TASK GOAL. Nothing except the pictures should be left out when you reproduce the listing exactly.

DATA BLOCK.

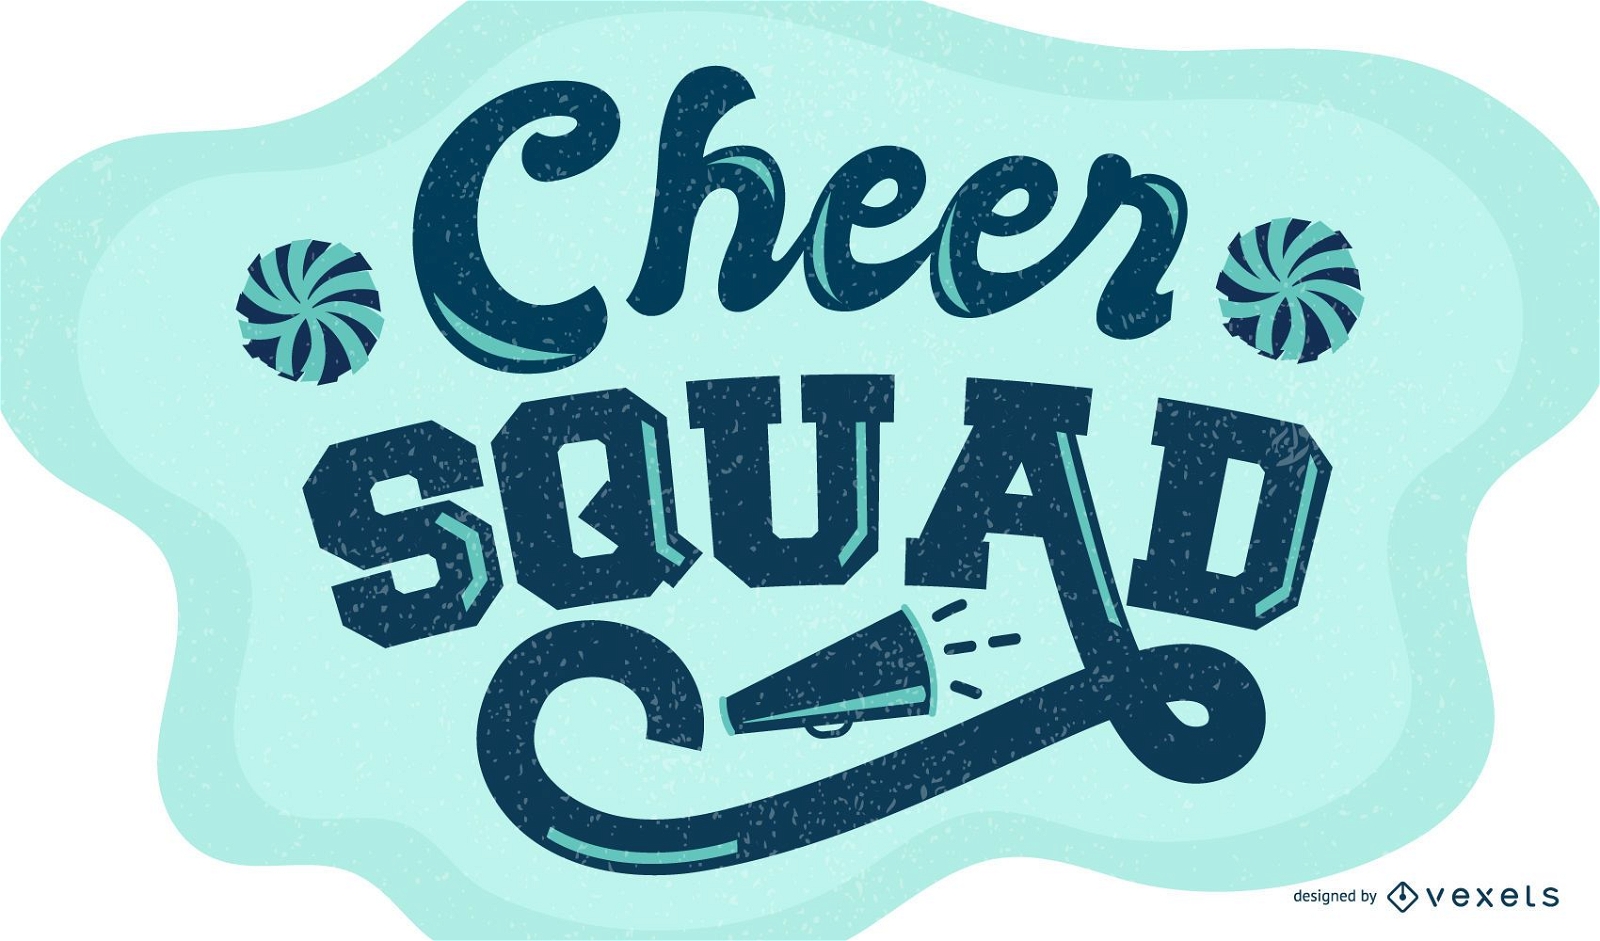 Cheer squad lettering design
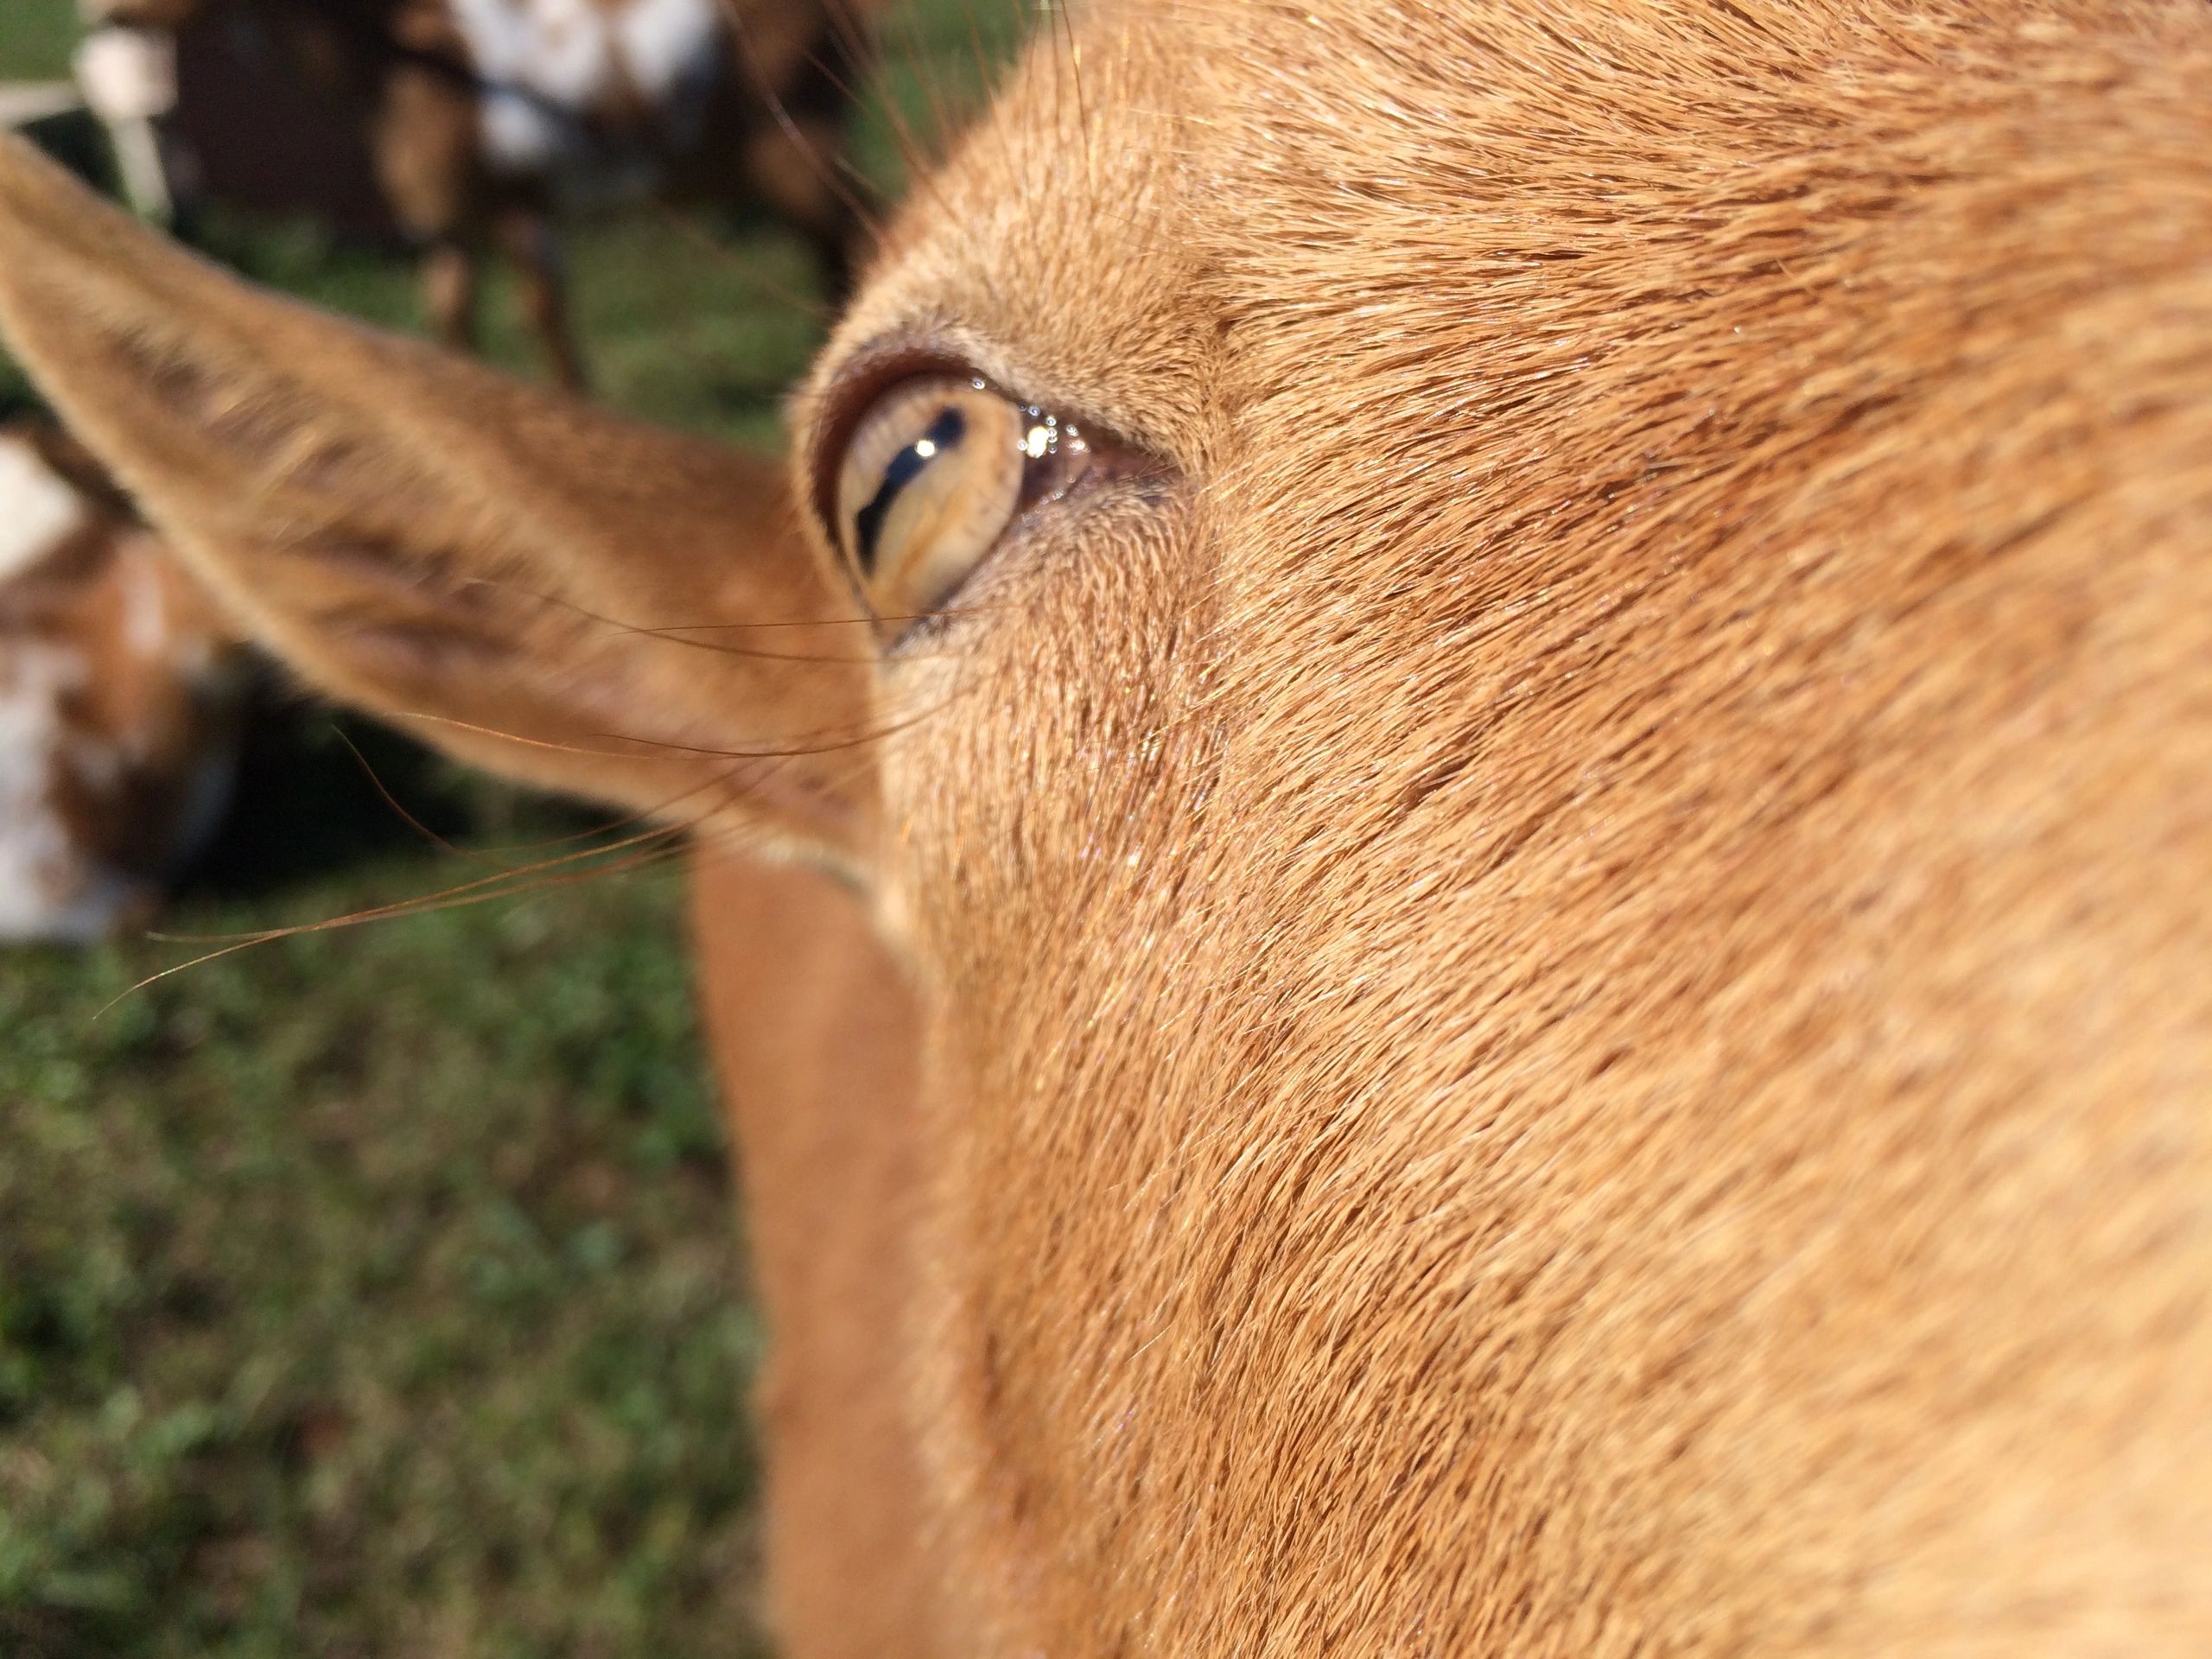 goat's eye
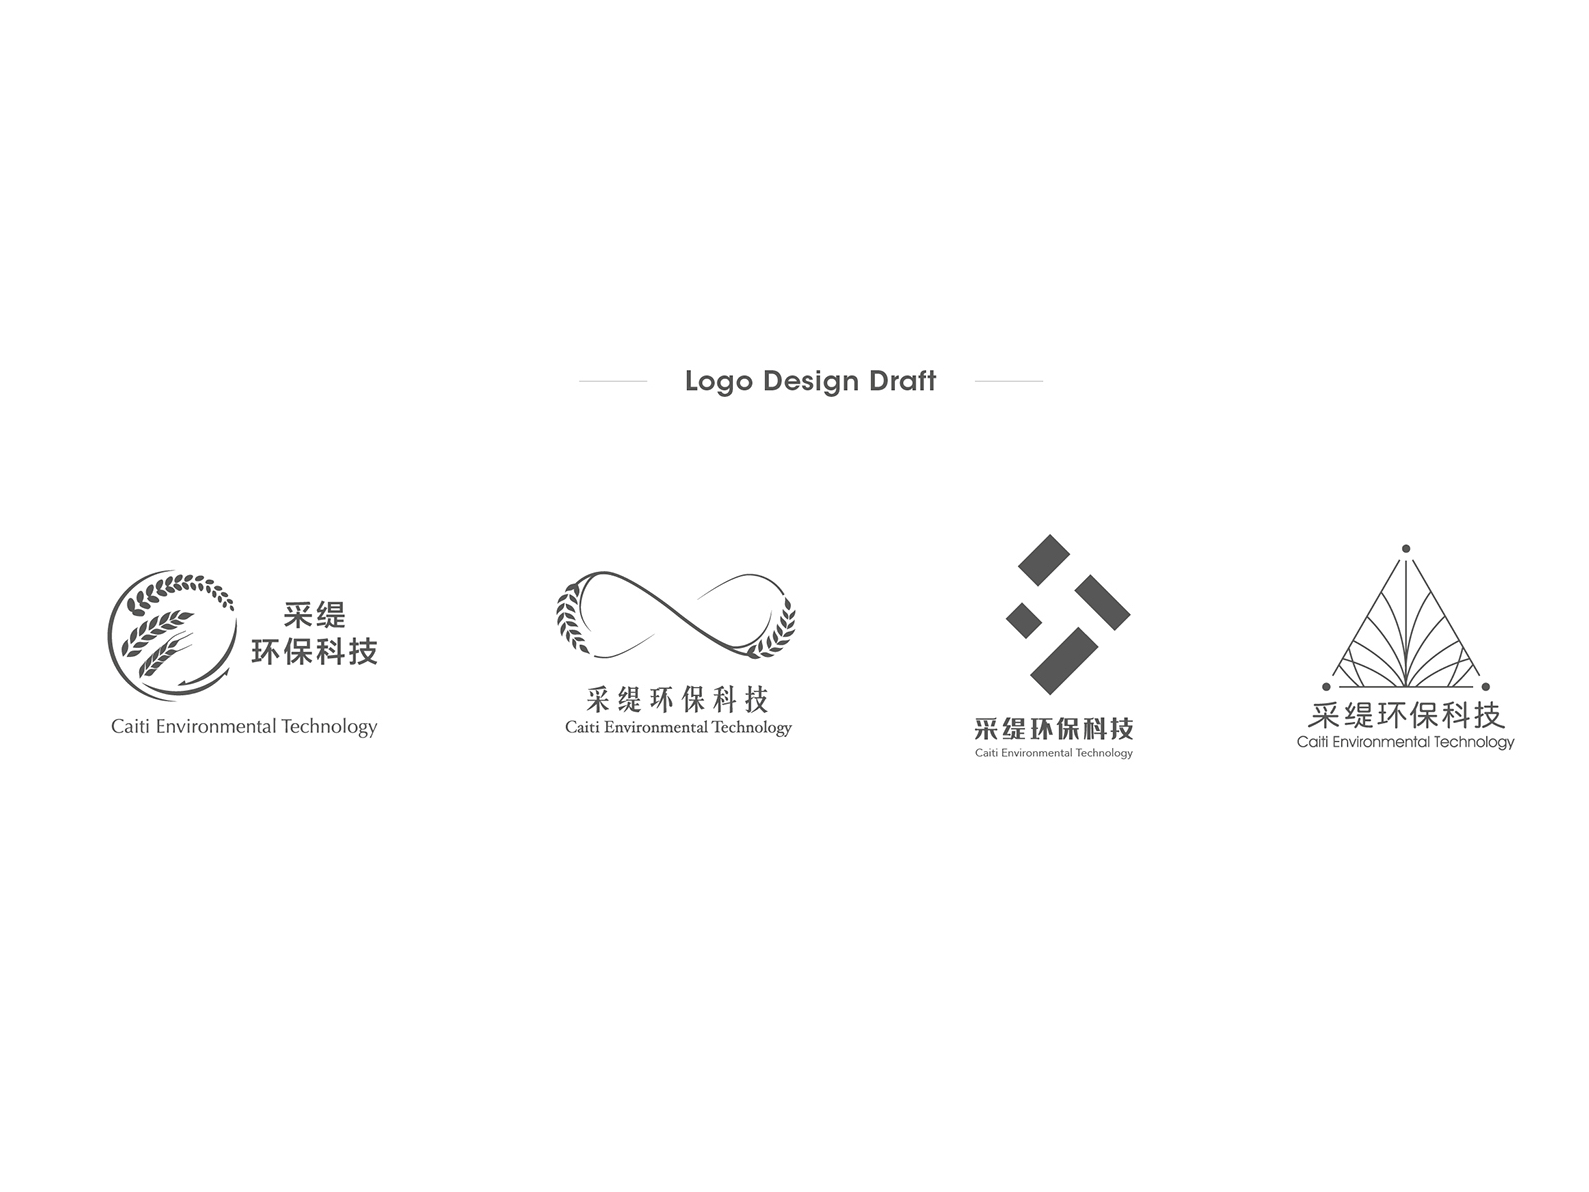 Logo Design Draft by Jube Huang on Dribbble

RESPONSE FOR THIS EXERCISE.
 Cheer squad lettering design
 goat's eye
 Logo Design Draft by Jube Huang on Dribbble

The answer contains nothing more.